季棠心跳如擂鼓在响,慌张到唇上的血色都褪去,只感觉心脏要从心口跳出来似的。
眼下她装盲,又不能直接伸手去抢,只能佯装淡定询问:“什么东西?”
“你桌上有药。”陆祈臣应声着,声音情绪难辨。
季棠咬紧下唇,手不自觉护着被子里自己微隆起的孕肚。
不能慌,季棠。
这个时候越是慌张,越容易出事。
季棠在心里不停暗暗安抚着自己,紧张咽了下口水。
“什么药?”她继续强撑面容淡定,语气迷糊出声:“我不知道欸,我才刚醒来。”
不等陆祈臣作答,她又找补了一句,“是不是上个住在这里的病人把药给落下了?”
反正这药上面有没有署名是她季棠的名字,只要她自己死不承认,陆祈臣应该就不会起疑了吧。

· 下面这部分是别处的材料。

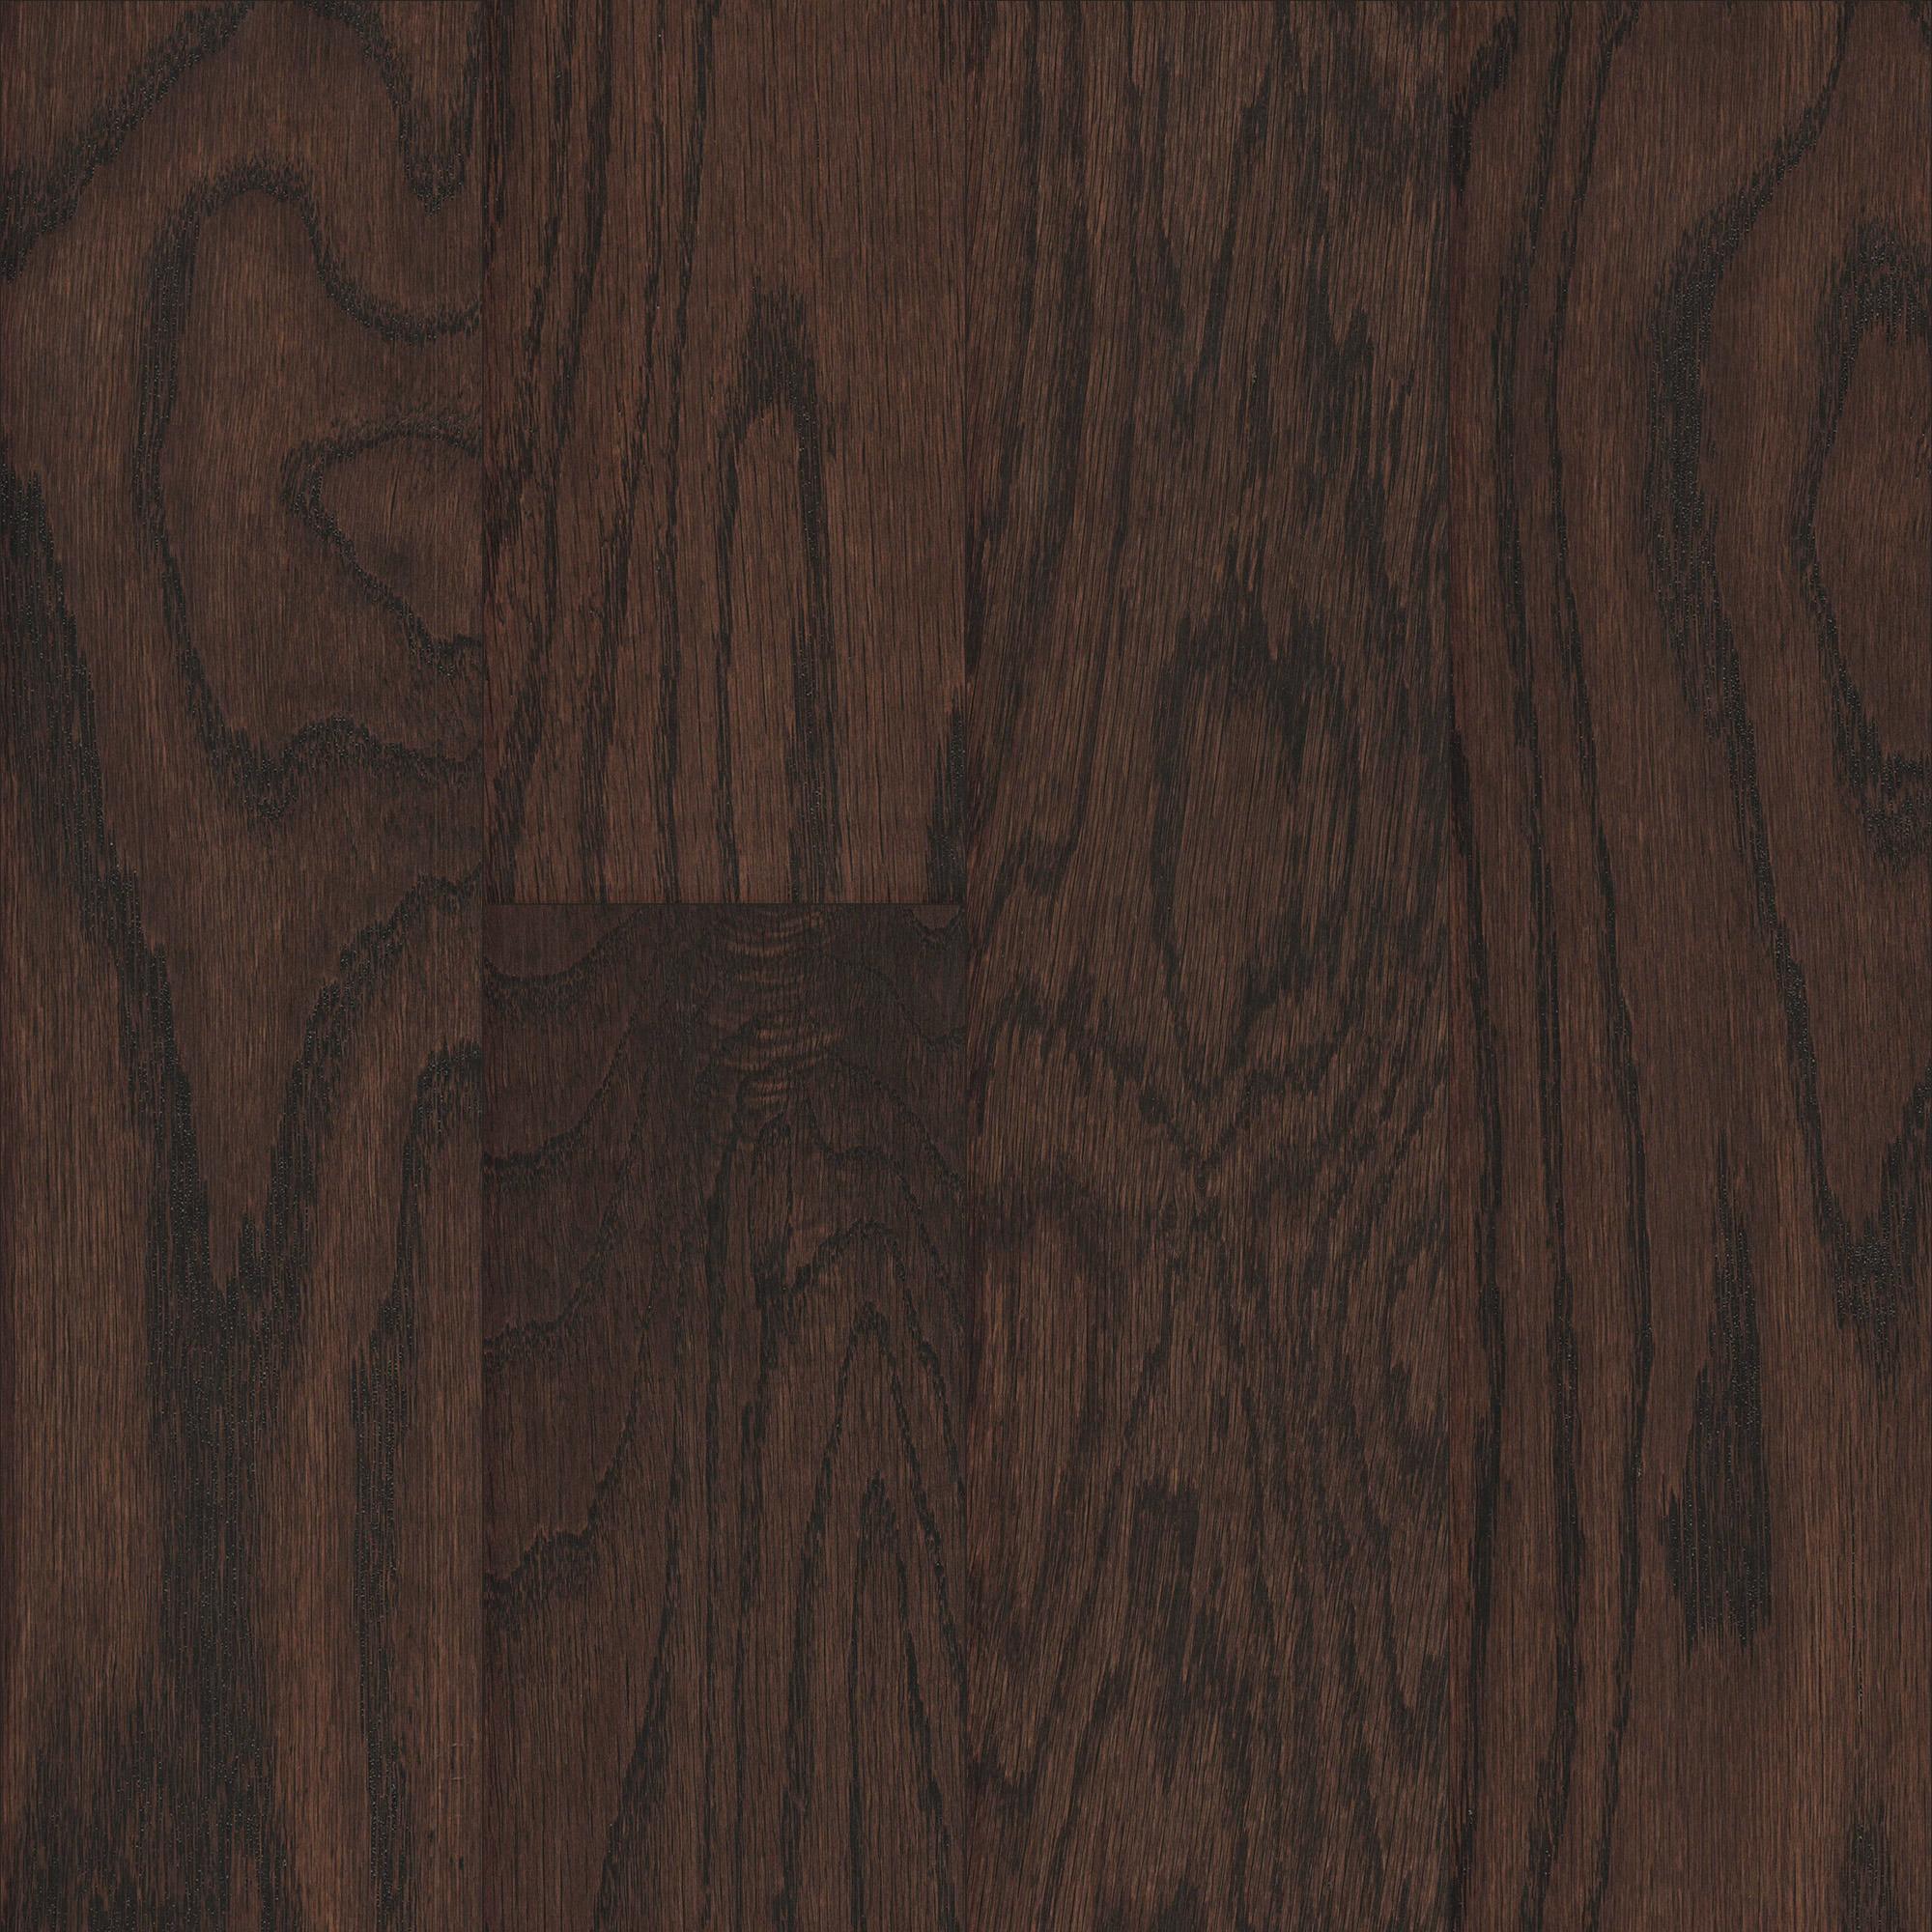 oak hardwood flooring colors of mullican ridgecrest oak burnt umber 1 2 thick 5 wide engineered within mullican ridgecrest oak burnt umber 1 2 thick 5 wide engineered hardwood flooring

何况她找的借口挺有理有据的,完全掩饰出一个无辜的病人形象。
季棠刚暗想完,耳朵里听见陆祈臣回话的声音:“这药应该就是你的,因为……”
“不可能!”
季棠不知道他为什么会认定是自己的,有些着急打断,“我、我刚才没有收到拿药通知。”
陆祈臣被打断也没有生气,而是淡定将自己前面没有说完的话补完,“这药盒写着是治疗脑震**的,你不是摔了?这里又没有别人,那肯定就是你的。”
这里的VIP病房,护士们不至于会把上个病人的药落在这里。
陆祈臣倾向于就是季棠的。
此时此刻,季棠本人倒像是被一块石头给砸中了脑袋,有些懵逼。
居然是脑震**的药?
可前面顾修说的分明是安胎药啊。
难不成是顾修早有预料陆祈臣会来,为了避免露馅,所以特意贴心给她换了标签,帮忙掩盖过去?
季棠后觉顾修用心良苦,心里不禁深感温暖。